**DATA SEGMENT**:
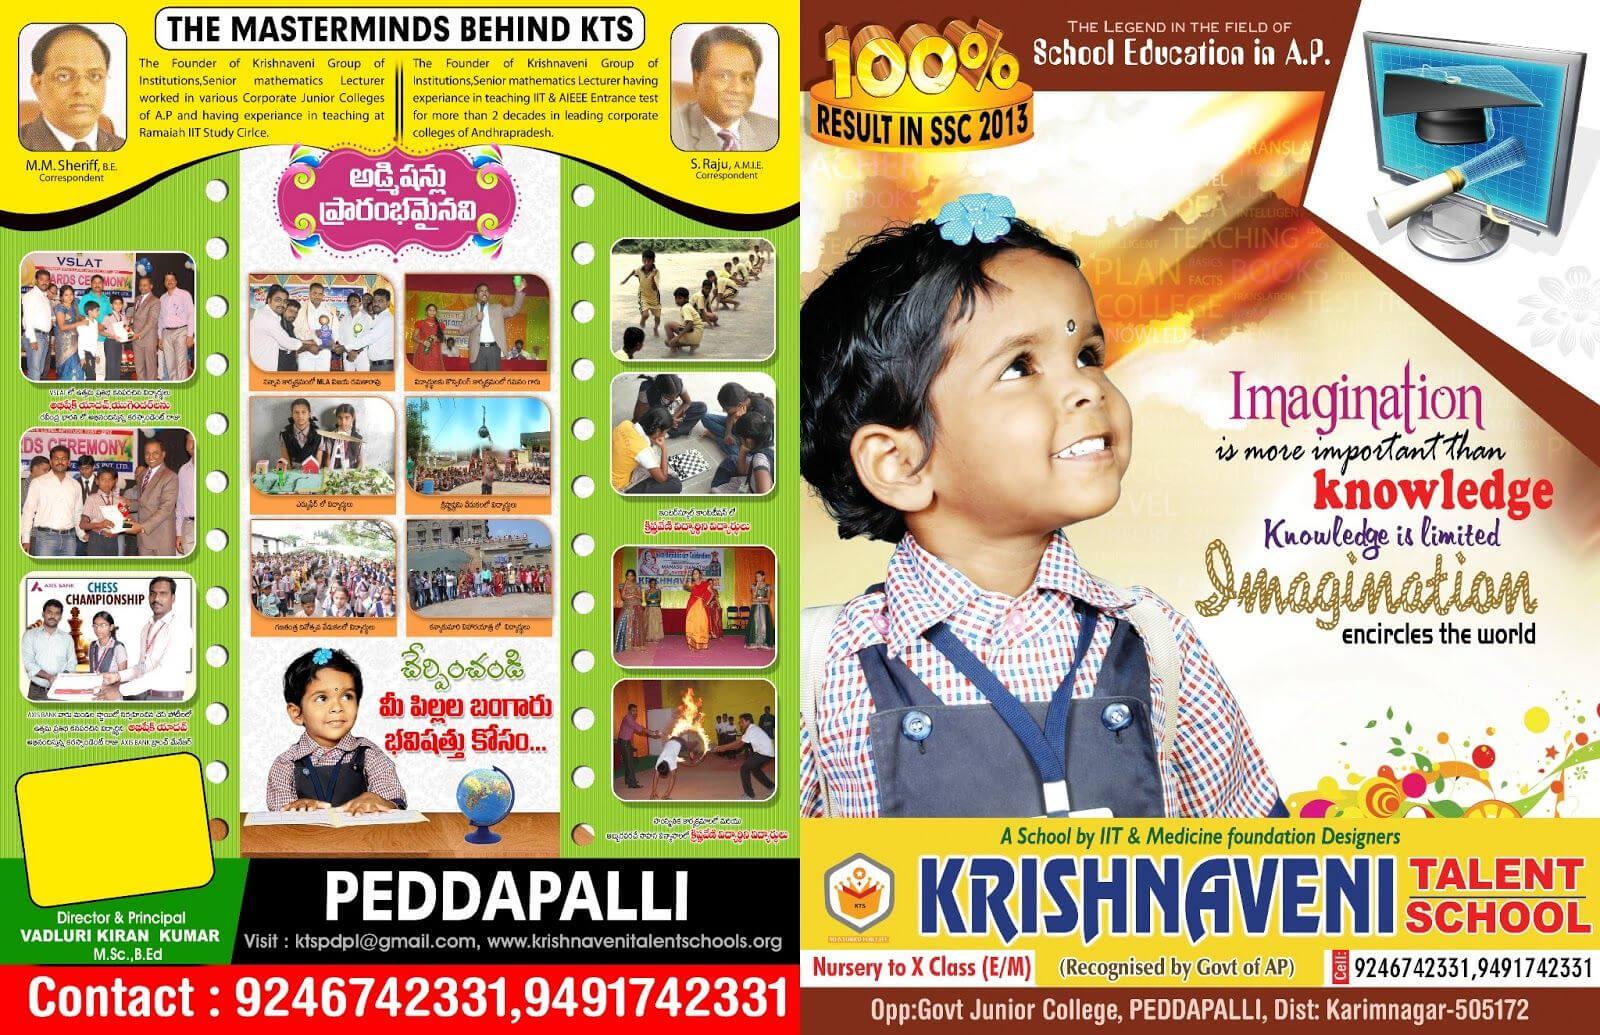 Krishnaveni Talent School Custom Brochure Design Template Pertaining To School Brochure Design Templates
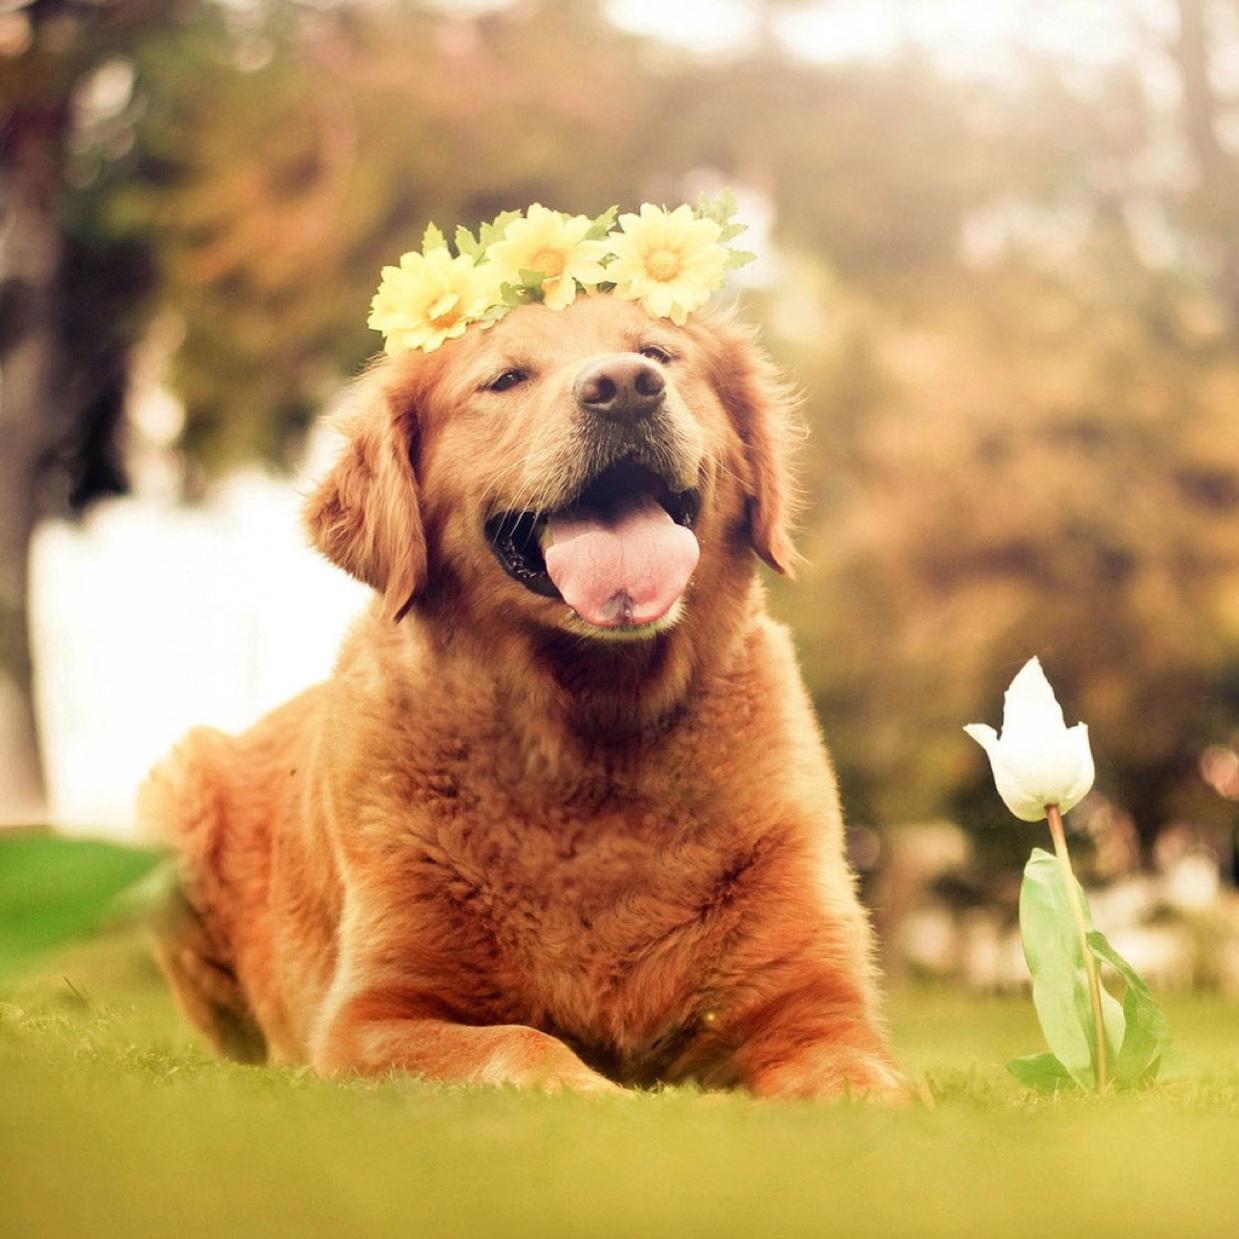 Owner M - Review for Pet Hosting in Australia
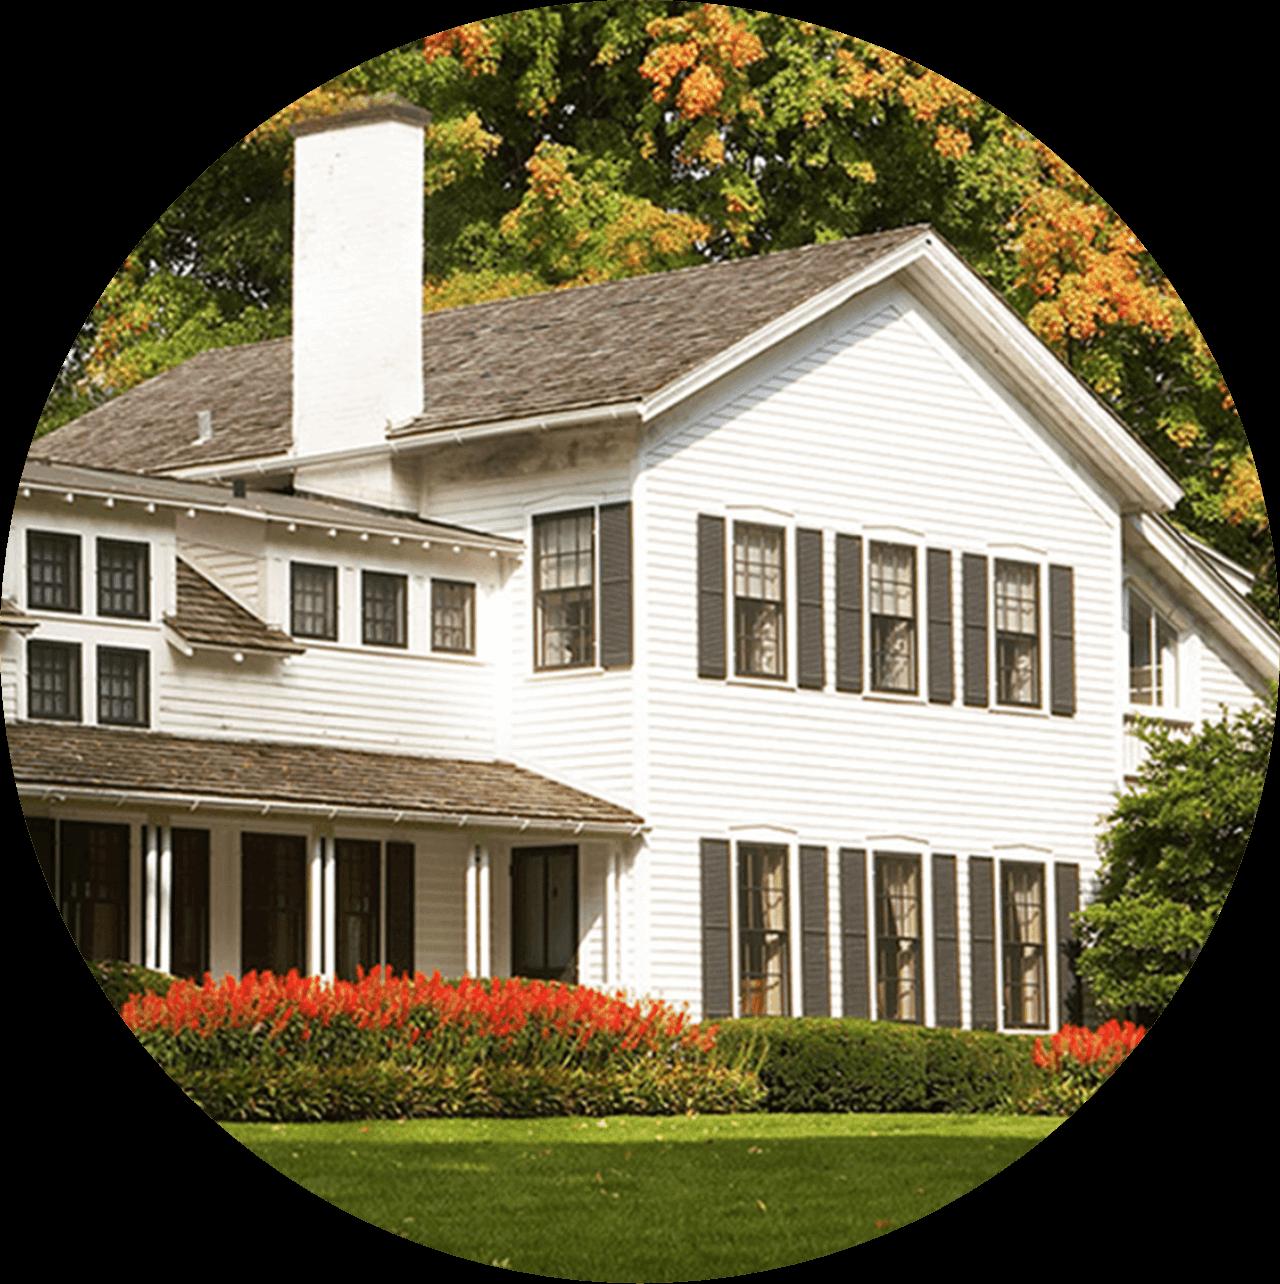 Our Iconic Farmhouse

**DIRECTIONS FOR THIS TASK**: A word-for-word copy of all the data is required, minus the pictures.

**ANSWER BELOW**:
 Krishnaveni Talent School Custom Brochure Design Template Pertaining To School Brochure Design Templates
 Owner M - Review for Pet Hosting in Australia
 Our Iconic Farmhouse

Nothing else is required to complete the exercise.